So Web 2.0 is mostly about copyright infringement? Even more reason not
to associate Wikipedia with it. :)

-Gurch

_______________________________________________
foundation-l mailing list
foundation-l@lists.wikimedia.org
Unsubscribe: http://lists.wikimedia.org/mailman/listinfo/foundation-l
Re: Thank you for discussing my Top 25 Nonprofit LIst [ In reply to ]
geni wrote:
> On 03/10/2007, Allan Benamer <abenamer@nonprofittechblog.org> wrote:
>> Hehe.. well, I just want monthly unique visitors.
>
> When it was said almost nothing was collected that wasn't a joke.
>

I'll try to clarify what geni is saying. The Wikimedia Foundation relies
exclusively on donations and has a very tight budget. It can only buy as
much hardware as it can afford, and can only just afford enough to keep
the sites running. (The toolserver had to be donated separately).

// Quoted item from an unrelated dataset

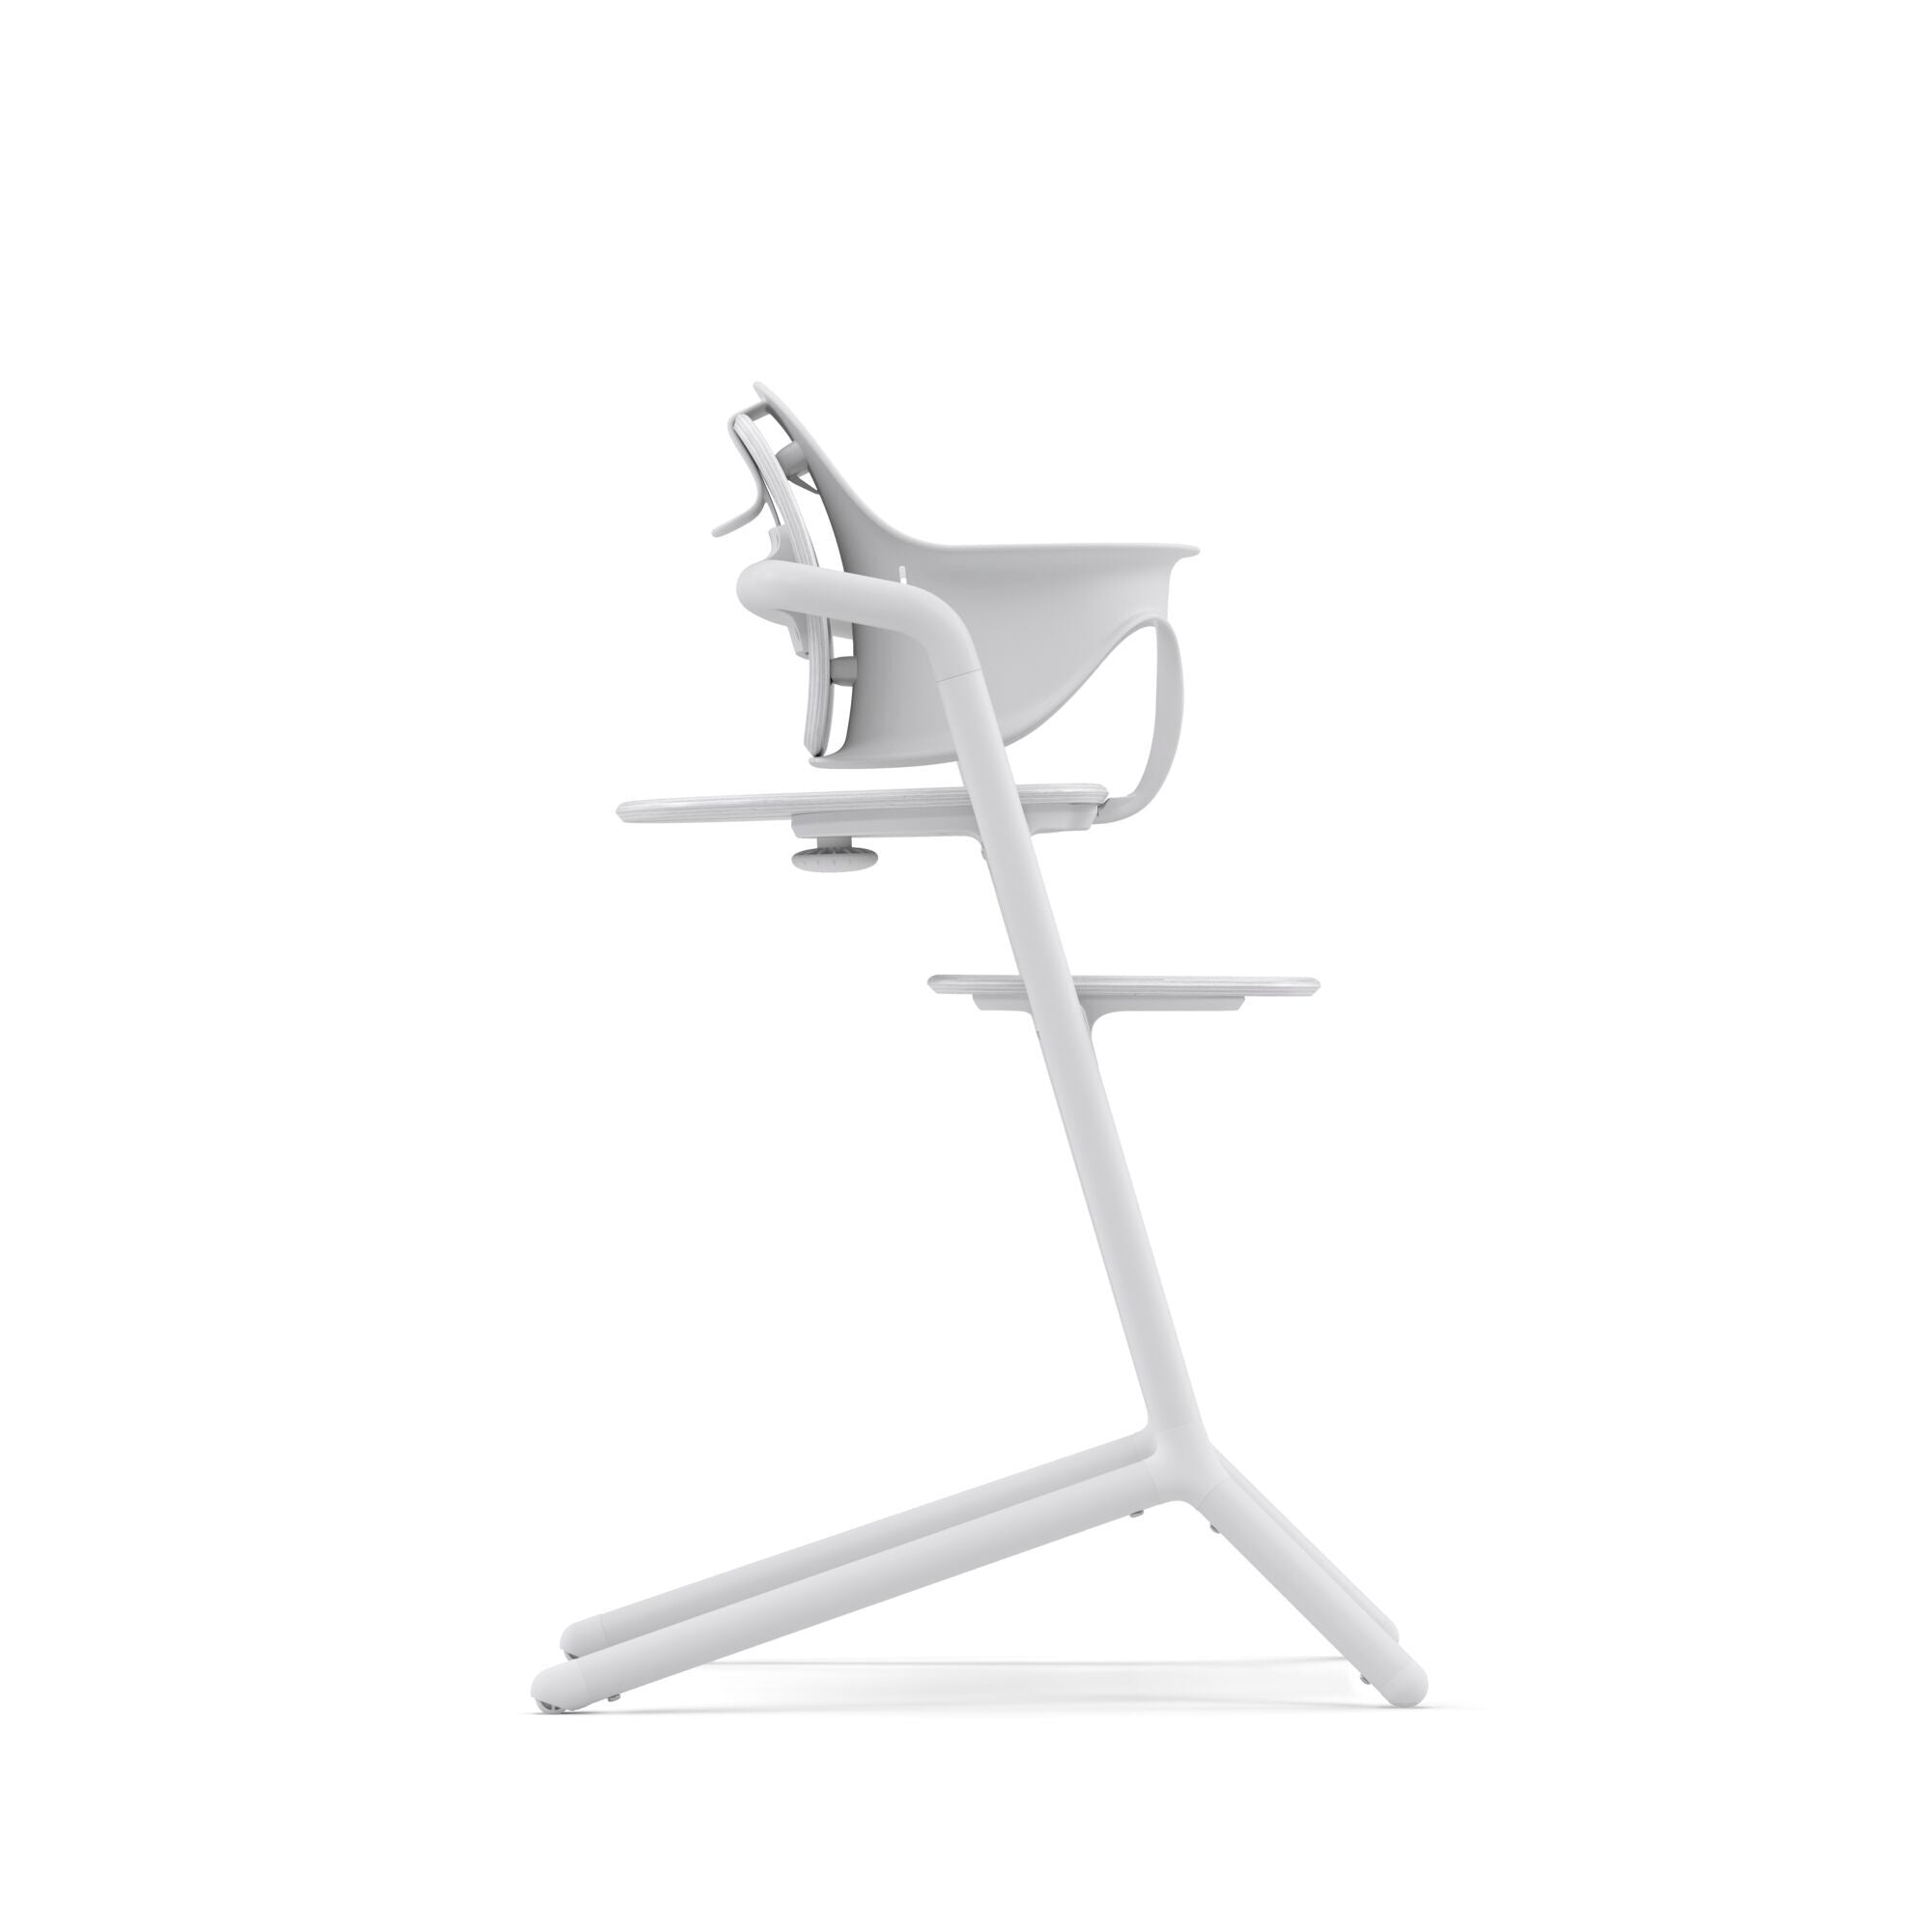 Cybex Lemo 2 High Chair 3-in-1 - ANB Baby -4063846288199$100 - $300

The resources just aren't available to completely log all site traffic -
it would require scripts to process the mess of data generated at a fast
enough pace to keep up without using up precious CPU time, and a whole
load of extra disk space to store this data.

It's not possible to just "release all log data", because it doesn't exist.

-Gurch

_______________________________________________
foundation-l mailing list
foundation-l@lists.wikimedia.org
Unsubscribe: http://lists.wikimedia.org/mailman/listinfo/foundation-l
Re: Thank you for discussing my Top 25 Nonprofit LIst [ In reply to ]
Ummm when I use Web 2.0 terms, I basically go off Tim O'Reilly's
understanding of it over at:

http://www.oreilly.com/pub/a/oreilly/tim/news/2005/09/30/what-is-web-20.html

As far as he's concerned (and yes, I know Wikis predate the term), Wikipedia
is the epitome of Web 2.0. Think of it this way -- art deco as a term for a
particular class of art objects didn't exist until the 60s despite the fact
that the objects in question were made in the 20s and 30s.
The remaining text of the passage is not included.